**Brief:** Search the entries for the word "Wallpaper" and return every line where it is found.

Records from a dataset:

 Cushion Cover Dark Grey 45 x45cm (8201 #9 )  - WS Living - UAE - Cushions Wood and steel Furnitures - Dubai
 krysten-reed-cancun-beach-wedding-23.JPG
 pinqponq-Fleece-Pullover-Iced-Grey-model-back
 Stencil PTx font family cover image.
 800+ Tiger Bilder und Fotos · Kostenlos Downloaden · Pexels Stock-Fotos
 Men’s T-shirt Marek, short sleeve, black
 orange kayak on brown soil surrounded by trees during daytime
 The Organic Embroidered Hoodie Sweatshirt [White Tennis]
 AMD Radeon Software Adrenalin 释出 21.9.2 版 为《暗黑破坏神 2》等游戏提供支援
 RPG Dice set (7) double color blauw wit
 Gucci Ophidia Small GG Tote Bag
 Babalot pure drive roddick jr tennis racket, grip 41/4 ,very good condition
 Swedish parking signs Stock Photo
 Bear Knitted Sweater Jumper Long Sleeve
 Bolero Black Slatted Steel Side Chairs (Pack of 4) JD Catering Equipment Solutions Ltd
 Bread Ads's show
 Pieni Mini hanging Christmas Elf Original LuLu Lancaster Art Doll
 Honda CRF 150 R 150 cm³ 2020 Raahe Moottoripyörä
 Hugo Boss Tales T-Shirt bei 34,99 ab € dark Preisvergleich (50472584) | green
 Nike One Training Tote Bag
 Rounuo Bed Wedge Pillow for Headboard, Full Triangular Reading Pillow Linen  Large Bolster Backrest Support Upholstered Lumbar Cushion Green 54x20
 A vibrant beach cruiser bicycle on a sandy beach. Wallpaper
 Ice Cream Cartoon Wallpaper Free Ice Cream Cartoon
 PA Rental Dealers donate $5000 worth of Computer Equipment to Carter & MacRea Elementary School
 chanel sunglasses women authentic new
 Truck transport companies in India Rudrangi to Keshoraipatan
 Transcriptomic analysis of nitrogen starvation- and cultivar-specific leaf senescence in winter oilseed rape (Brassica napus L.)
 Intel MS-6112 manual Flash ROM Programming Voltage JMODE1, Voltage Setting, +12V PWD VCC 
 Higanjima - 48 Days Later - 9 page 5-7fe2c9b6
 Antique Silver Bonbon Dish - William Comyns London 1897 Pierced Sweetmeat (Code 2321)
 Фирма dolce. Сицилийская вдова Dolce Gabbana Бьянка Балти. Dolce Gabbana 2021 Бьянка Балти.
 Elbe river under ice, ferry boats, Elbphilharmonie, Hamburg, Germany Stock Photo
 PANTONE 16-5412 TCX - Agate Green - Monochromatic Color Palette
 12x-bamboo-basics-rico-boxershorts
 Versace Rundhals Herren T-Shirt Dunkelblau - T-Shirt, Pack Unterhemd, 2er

**Exercise result:**
 A vibrant beach cruiser bicycle on a sandy beach. Wallpaper
 Ice Cream Cartoon Wallpaper Free Ice Cream Cartoon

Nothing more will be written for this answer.